Poi puntò coraggiosamente l’indice contro l’intruso. «E tu lo stai profanando!» disse sfidandolo. Se doveva morire, tanto valeva accelerare i tempi. Lo provocava, così forse l’avrebbe uccisa in fretta.

Incredulo, Lukwos allargò le braccia «Guardati attorno, questo è solo un luogo di morte e di sangue!» disse « Forse la vostra dea governa il mondo gli inferi? Perché deve nascondersi sotto terra? Il nostro Dio Padre Onnipotente Dyeus Pətēr vive nell’aria libera, segue il carro del sole, scende dalla volta celeste con una saetta in mano per darci la forza in battaglia, non ha motivo annidarsi nelle viscere di una montagna. Egli è il dio dell’aria aperta, della steppa. Noi lo preghiamo rivolgendo le braccia e lo sguardo al cielo. Tu, invece, per offrire sacrifici sei costretta a calpestare un sentiero di spettri e immergerti nel sangue di una spelonca come questa!». La ragazza sgranò gli occhi sorpresa e reagì alzandosi in piedi. Il raggio di luce che scendeva dal soffitto la colpì illuminandole il viso. A dispetto del volto sudicio ed emaciato, Lukwos pensò che fosse bella.

«Questo non è un luogo di morte!» gridò, forse per darsi coraggio «Questo è il tempio della Dea che  rinnova la spirale della vita! La morte e la vita sono un ciclo perenne che si ripete ad ogni stagione! Oggi è il solstizio d’estate: soltanto in questo giorno dell’anno, il raggio di luce colpisce il ventre della Madre» disse indicando la statua «ed ella ci ripaga rendendo fertile la terra e feconde tutte le femmine! Il maialino da latte che ho depositato sul suo grembo è il sacrificio che la renderà benevola verso tutta la terra. Ho compiuto il mio ufficio, ora non m’importa ciò che vorrai fare, ma non parlarmi del tuo Dio del cielo, perché anch’egli, come tutti nel creato, sarà pur venuto alla luce passando attraverso una vulva sanguinante! Questa grotta umida e oscura rappresenta il Sacro Utero Materno, l’origine del Mondo!»

Lukwos la prese per un braccio e la spinse al suolo. Le fu addosso con tutto il suo peso e con le ginocchia divaricò le sue esili gambe. Con una mano le afferrò entrambi i polsi e glieli tenne premuti a terra sopra la testa, mentre con l’altra si liberava delle brache all’altezza dei lombi.

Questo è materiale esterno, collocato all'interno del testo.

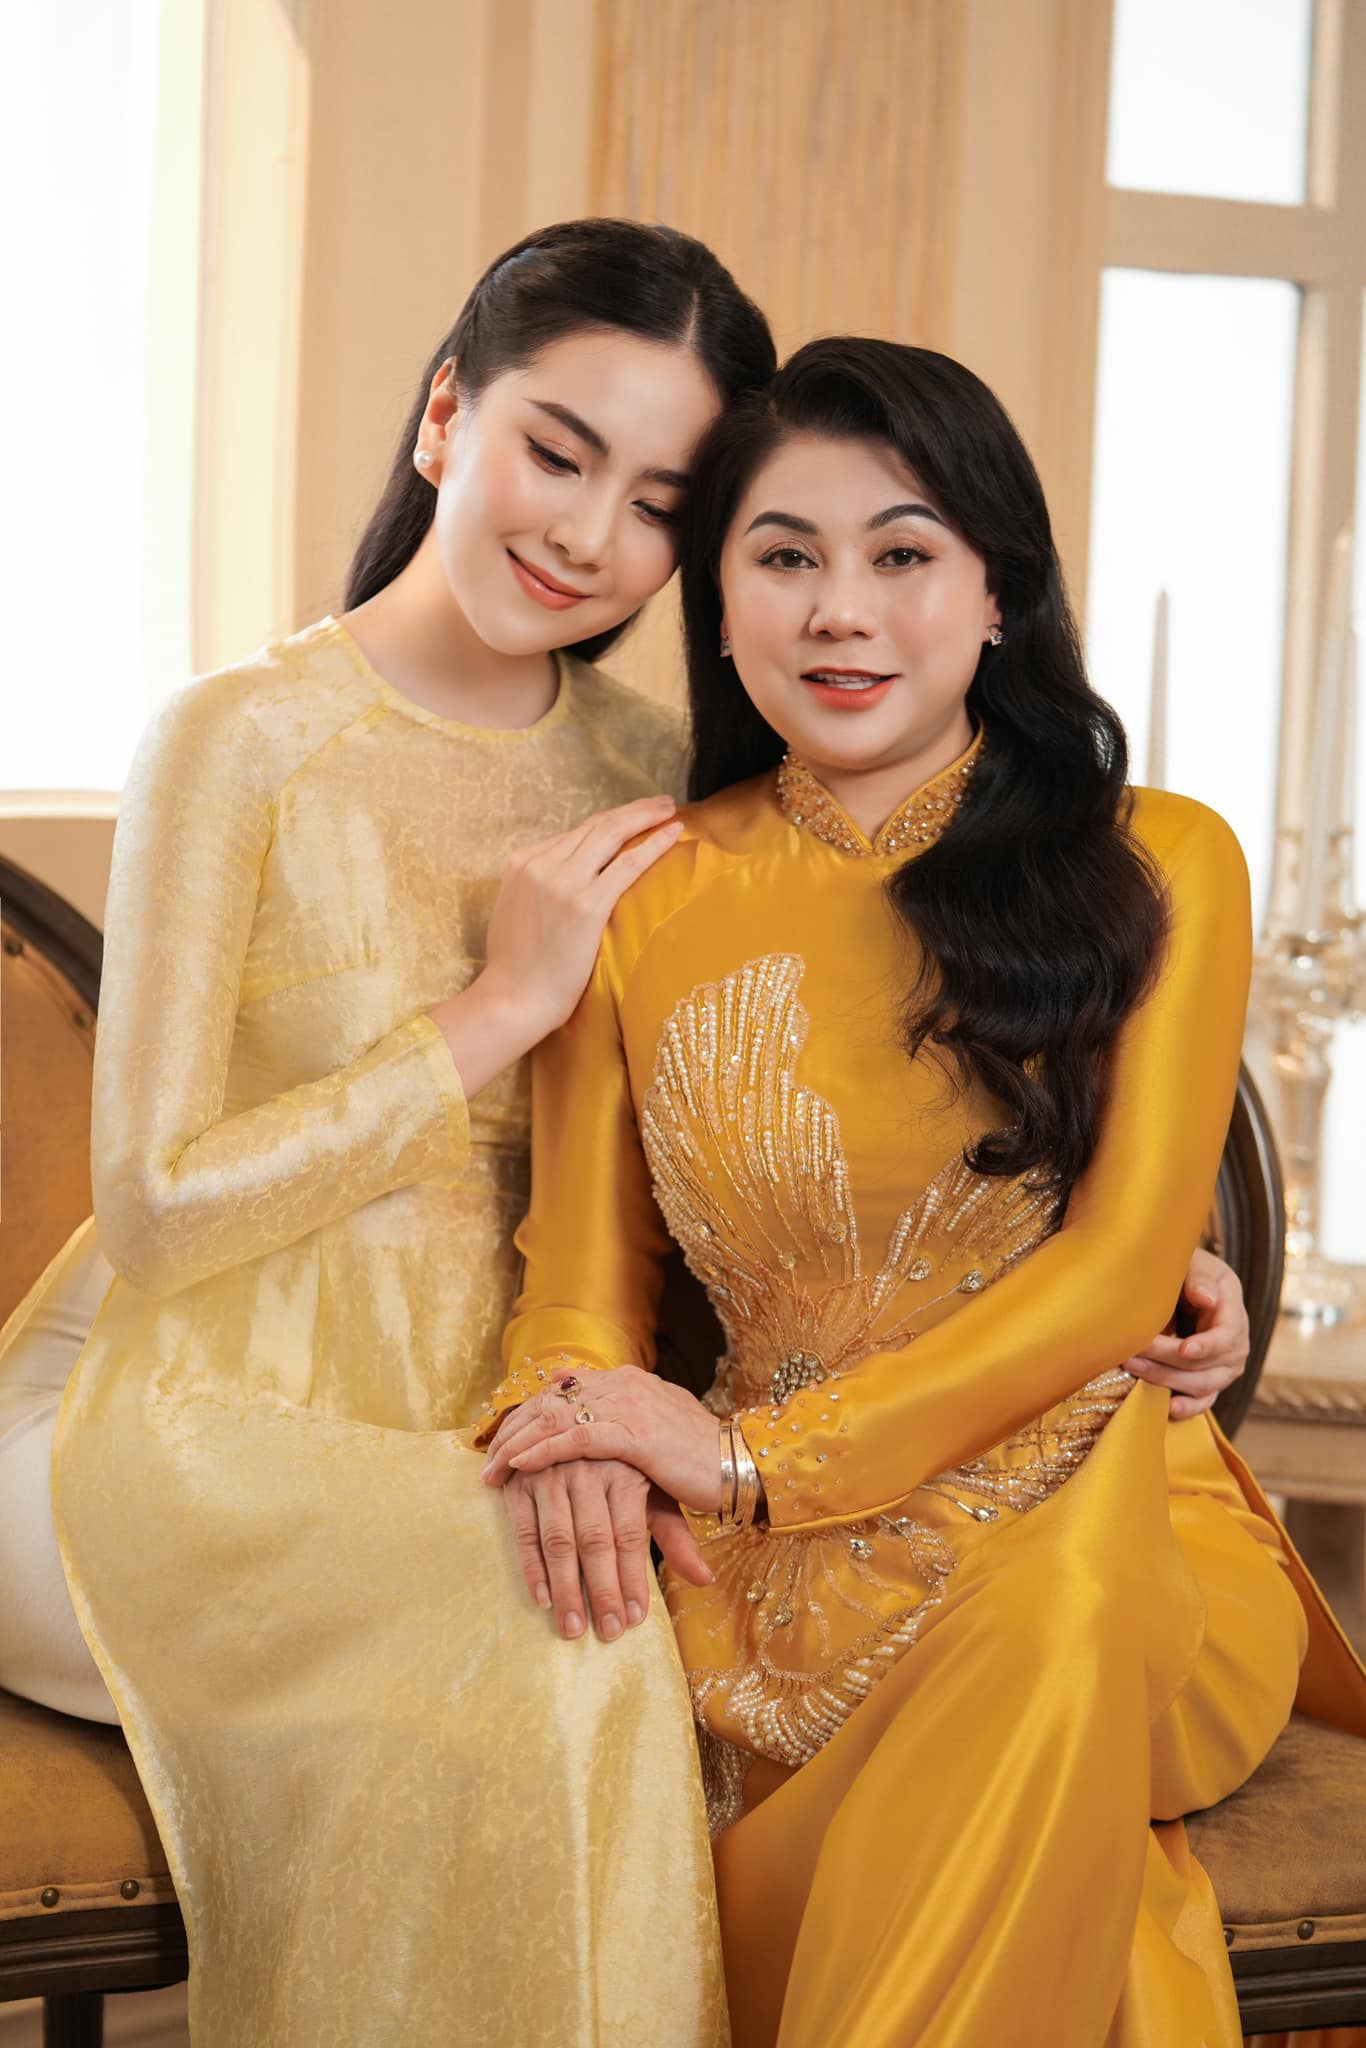 Sao Việt ngày 8/3: Tự Long làm thơ tặng vợ, mẹ con nghệ sĩ Thanh Thanh Hiền tự tạo hạnh phúc cho nhau - Ảnh 4.

La ragazza non poteva muoversi e respirava a fatica, ma non tremava. Lui se ne accorse e allentò la presa, in fondo non voleva farle del male: era così bella!

Lei lo guardò negli occhi sprezzante. «Attento! Se m’ingraviderai non farai altro che la volontà della Dea!»

«Forse, ma potrei anche ucciderti, dopo …» rispose Lukwos sorridendo.